Prompt: From the line that includes "18kt Gold 2.58 grams" to the last line of the data, quote each line precisely; both boundary lines belong in the answer.

Provided data:
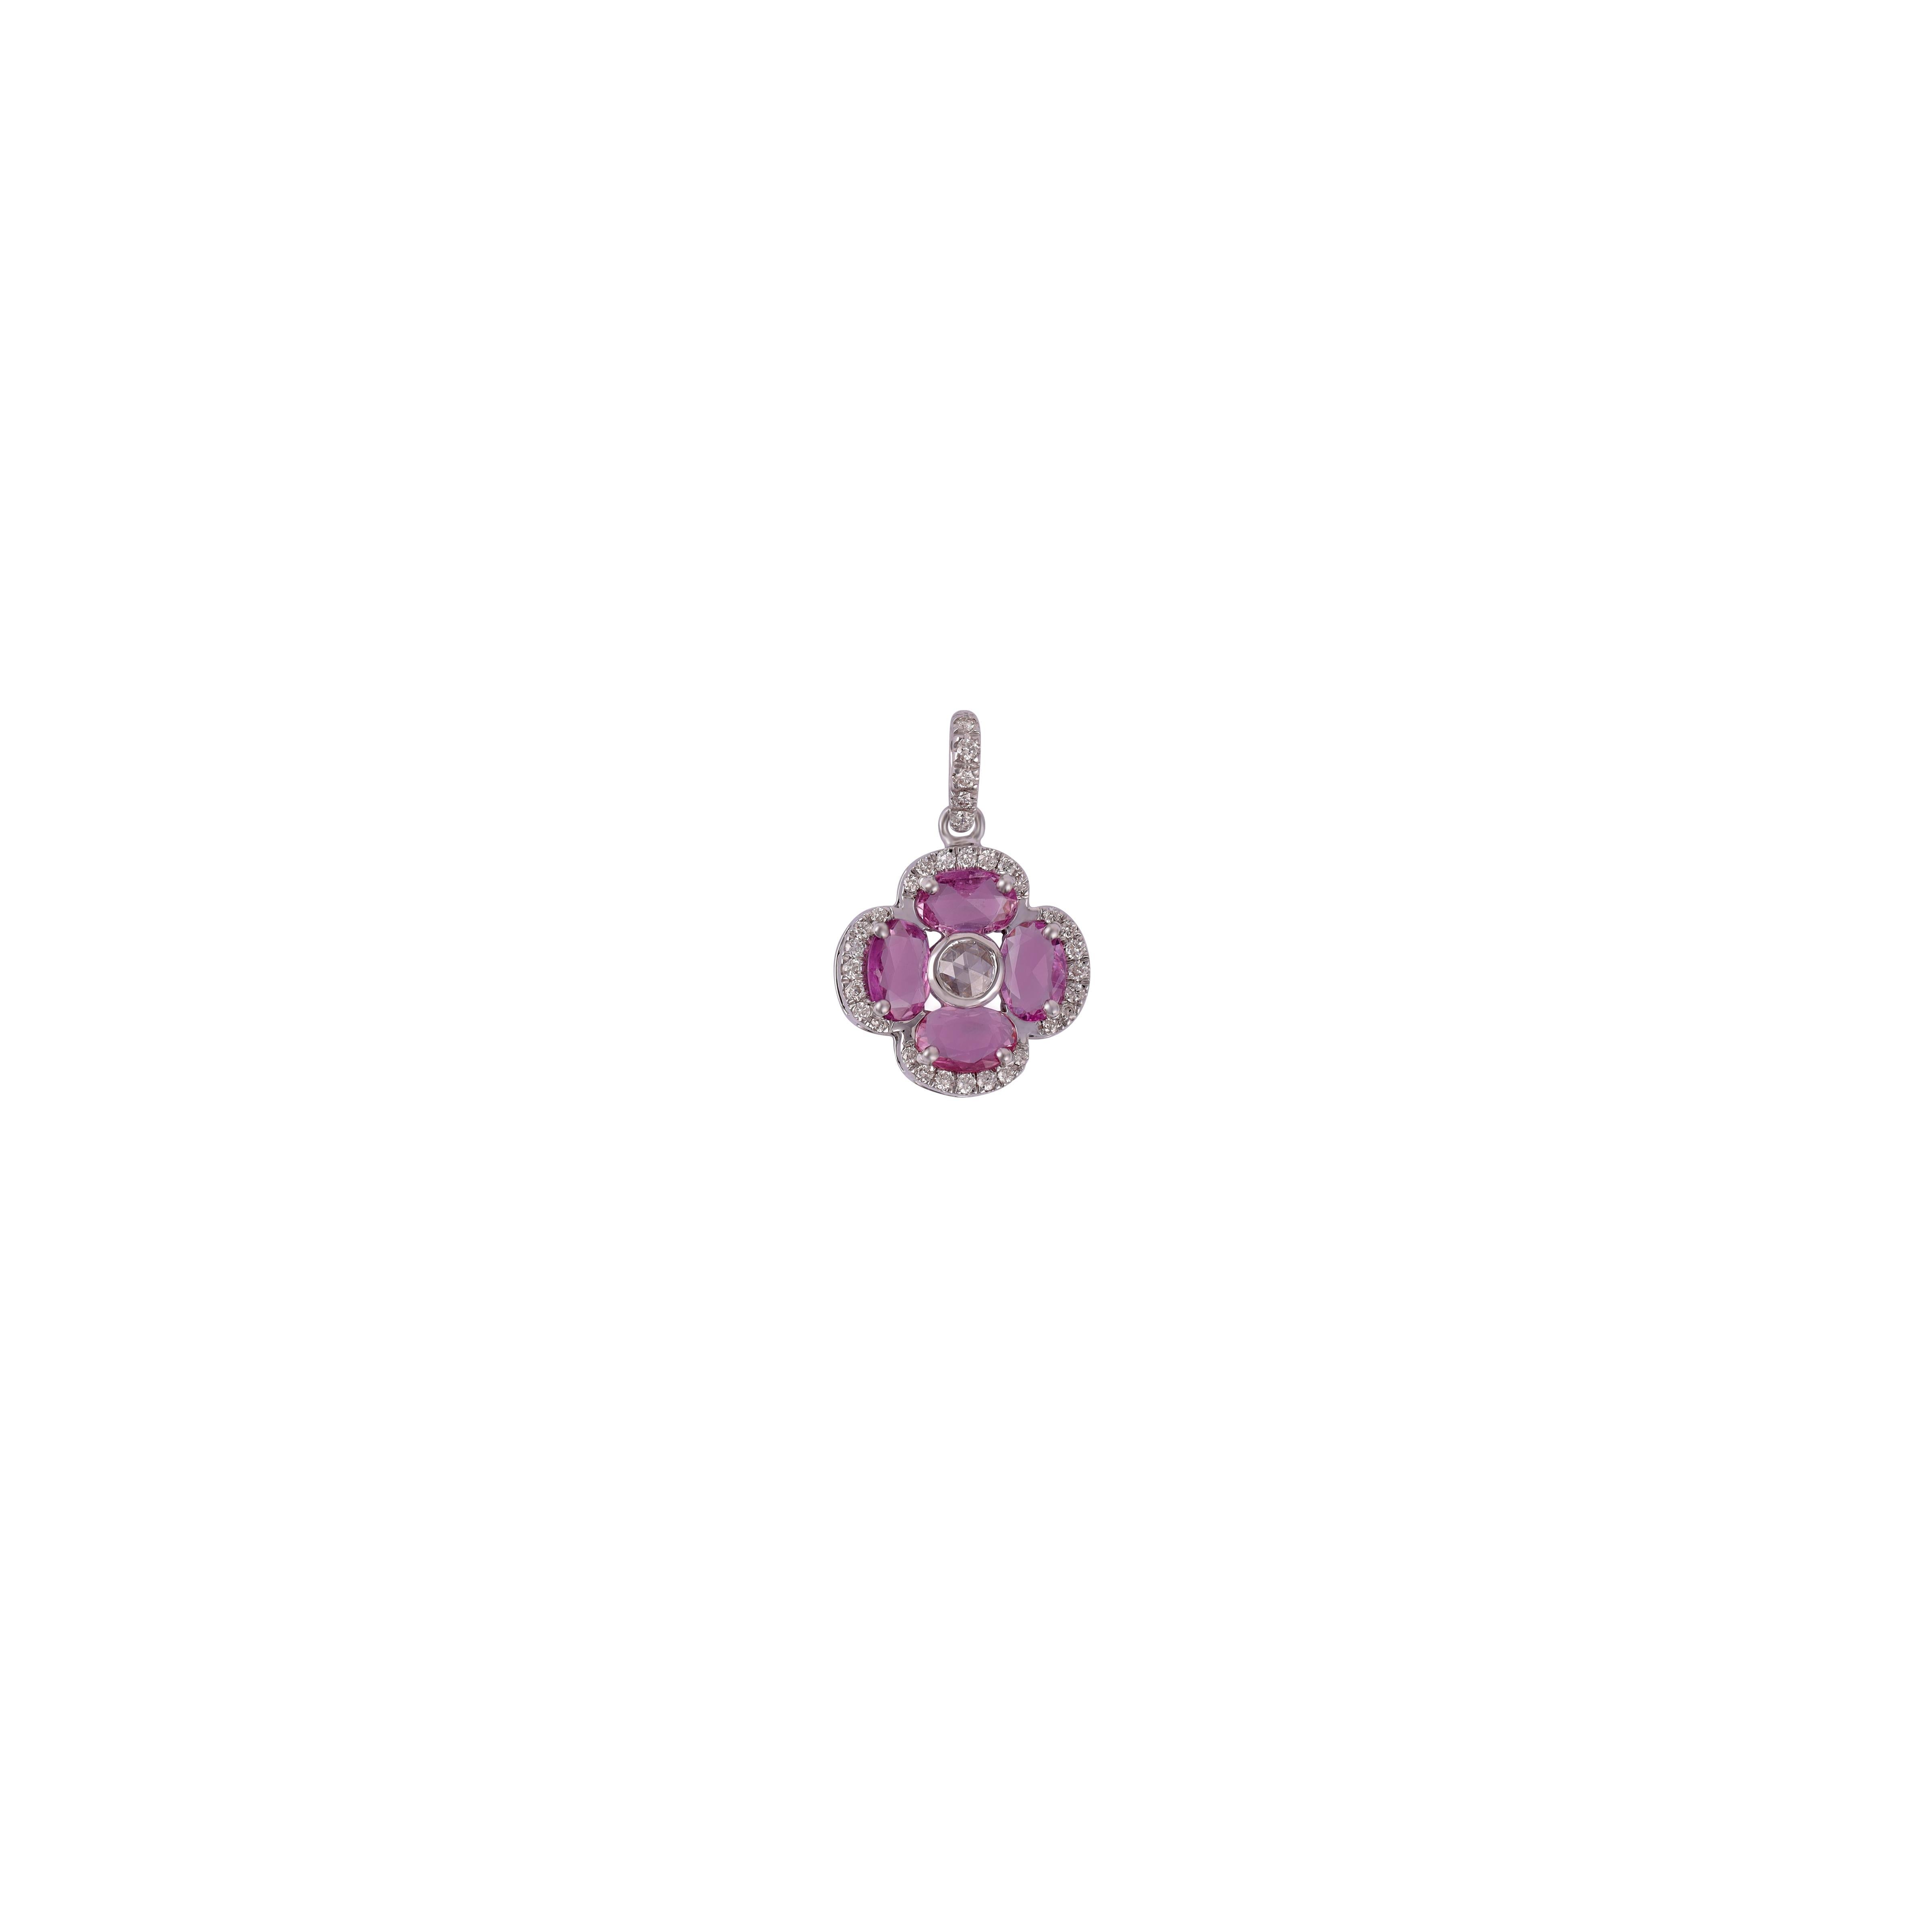 1.37 Carat Oval Cut Pink Sapphire Pendant Chain Necklace in 18K White Gold with Diamond
18kt Gold 2.58 grams
1 Rouse Cut Diamond 0.08Carat
33 Brilliant Round Cut Diamond 0.22 Carat

Custom Services
Resizing is available.
Request Customization

Answer to the exercise:
18kt Gold 2.58 grams
1 Rouse Cut Diamond 0.08Carat
33 Brilliant Round Cut Diamond 0.22 Carat

Custom Services
Resizing is available.
Request Customization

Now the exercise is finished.